## Statistical physics of network inference for interpretable machine learning

**Dates:** from Sept. 1, 2023 to Aug. 31, 2026

**Funder**: MINECO (Spain)

**Project id**: PID2022-142600NB-I00

**Total Funding**: 142,500€

**Node Funding**: 142,500€

**Visit the project web page**

Networks are representations of systems whose constituent parts interact with each other in non-trivial ways. They are used to model a wide range of complex systems, including physical, chemical, biological, transportation, and social systems. Within this context, network inference is the process of inferring the underlying structure or underlying properties of a network from observational data. The goal of network inference is to reconstruct the underlying network from data and to identify the key features of the network such as the presence of communities or the existence of key nodes, or to characterize the overall network structure. Network inference is an important step in the analysis of complex systems, as it allows researchers to understand the underlying mechanisms that govern the interactions between the constituent parts of the system. Even more important, it also allows researchers to make specific predictions about the systems. In this last sense, network inference has allowed network science to become a predictive (rather than just descriptive) science.

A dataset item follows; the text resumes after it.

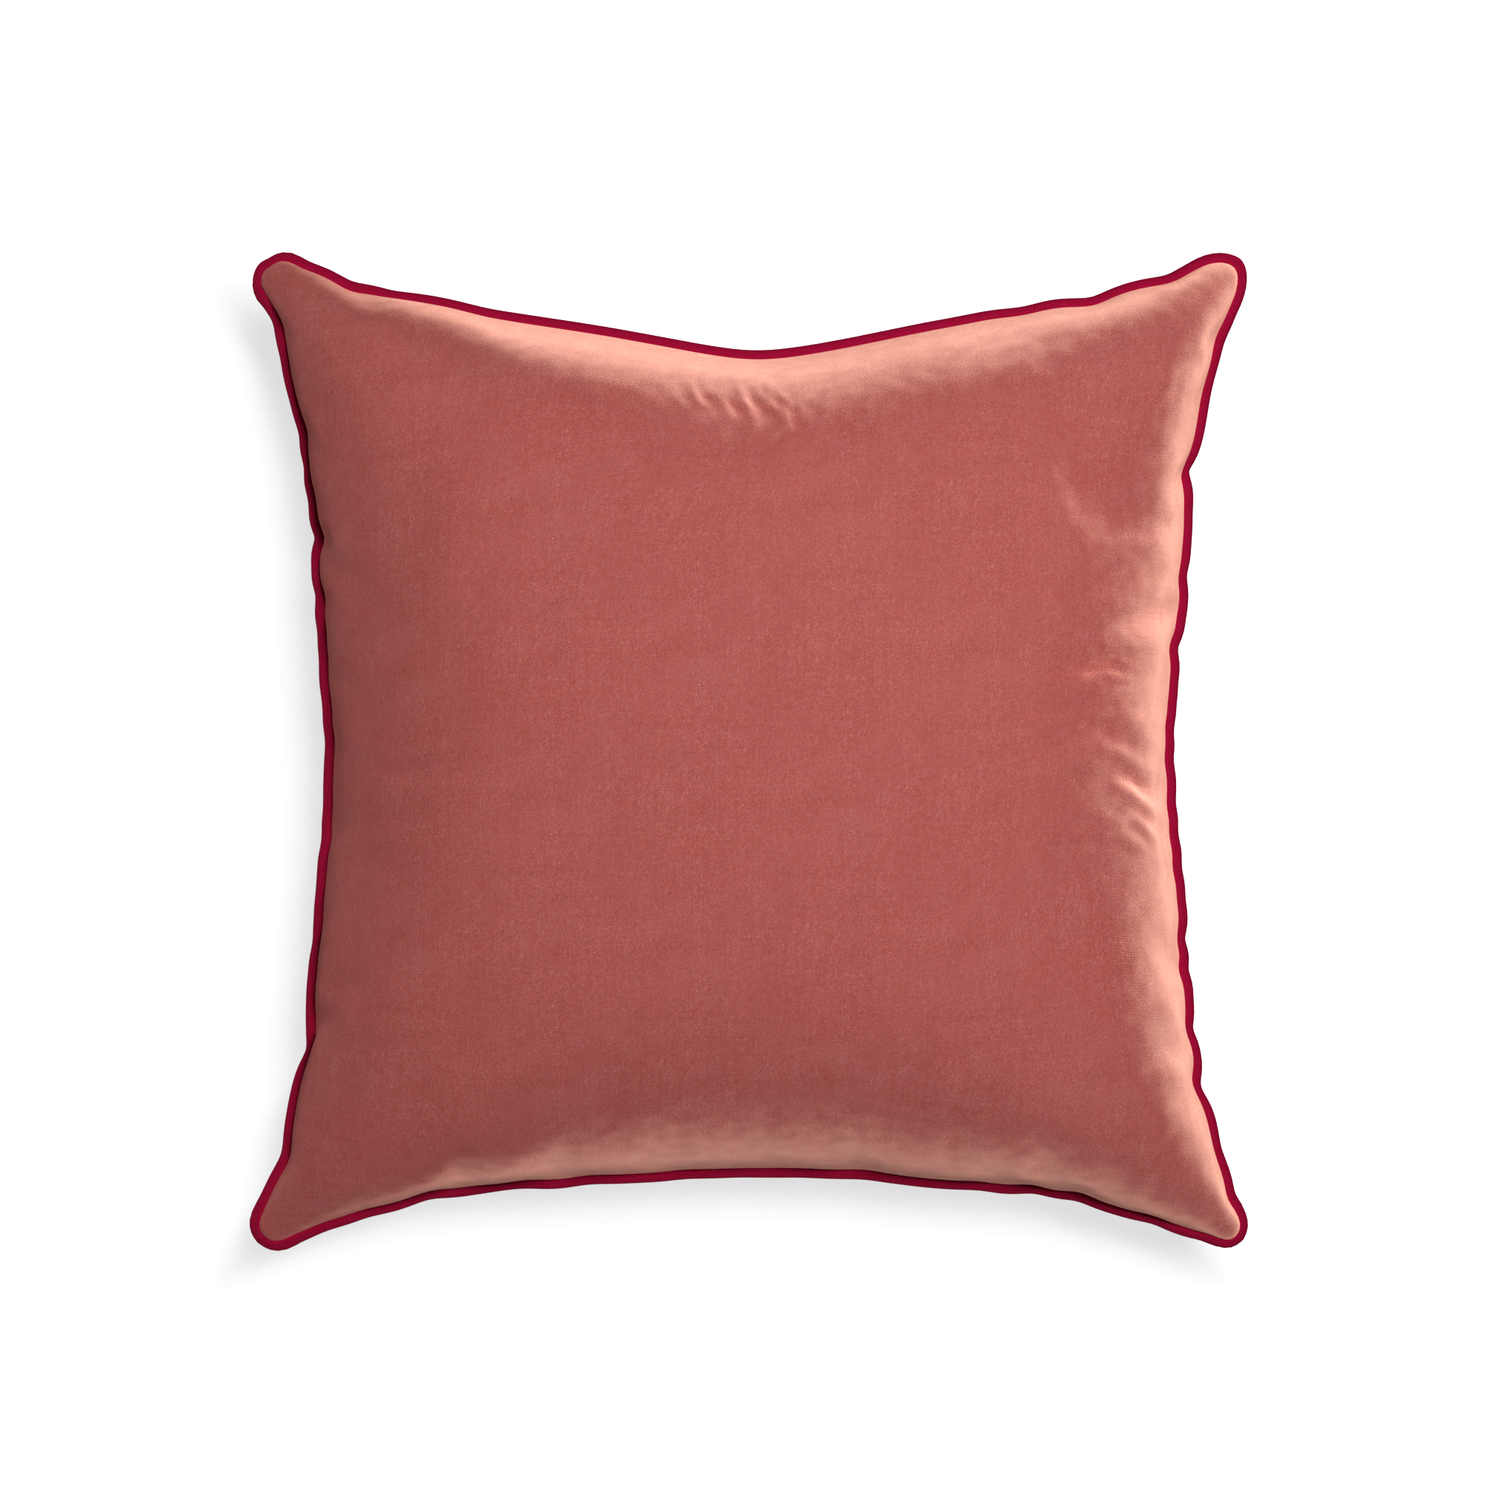 22-square cosmo velvet custom coralpillow with raspberry piping on white background

Besides helping in problems that are network problem per se, network inference is also opening new doors to tackle an increasingly important problem in statistical machine learning, namely, the lack of interpretability of models. Indeed, lack of interpretability is a source of concern in deep learning for several reasons: (i) difficulty in understanding the decision-making process of the model; (ii) difficulty in identifying and correcting biases and errors; (iii) lack of trust in the model; (iv) difficulty in complying with regulations related to data privacy and bias that require that models be interpretable; and (v) difficulty in using the model for certain applications such as healthcare and finance, where interpretability is crucial for ensuring safety and fairness. Although this problem seems, in principle, to go beyond network science, a promising approach that we have recently put forward is Bayesian symbolic regression, which leverages network representations of closed-form mathematical expressions and transforms the problem of formulating interpretable models into a network inference problem.

The general objective of this project is to develop statistical physics tools, based on network representations, network models and network inference, for statistical machine learning approaches that are interpretable as well as predictive.

### Publications

- Bayesian estimation of information-theoretic metrics for sparsely sampled distributions - Chaos, Solitons & Fractals 180 , 114564 (2024).
- Hyperedge prediction and the statistical mechanisms of higher-order and lower-order interactions in complex networks - Proc. Natl. Acad. Sci. USA 120 (50) , e2303887120 (2023).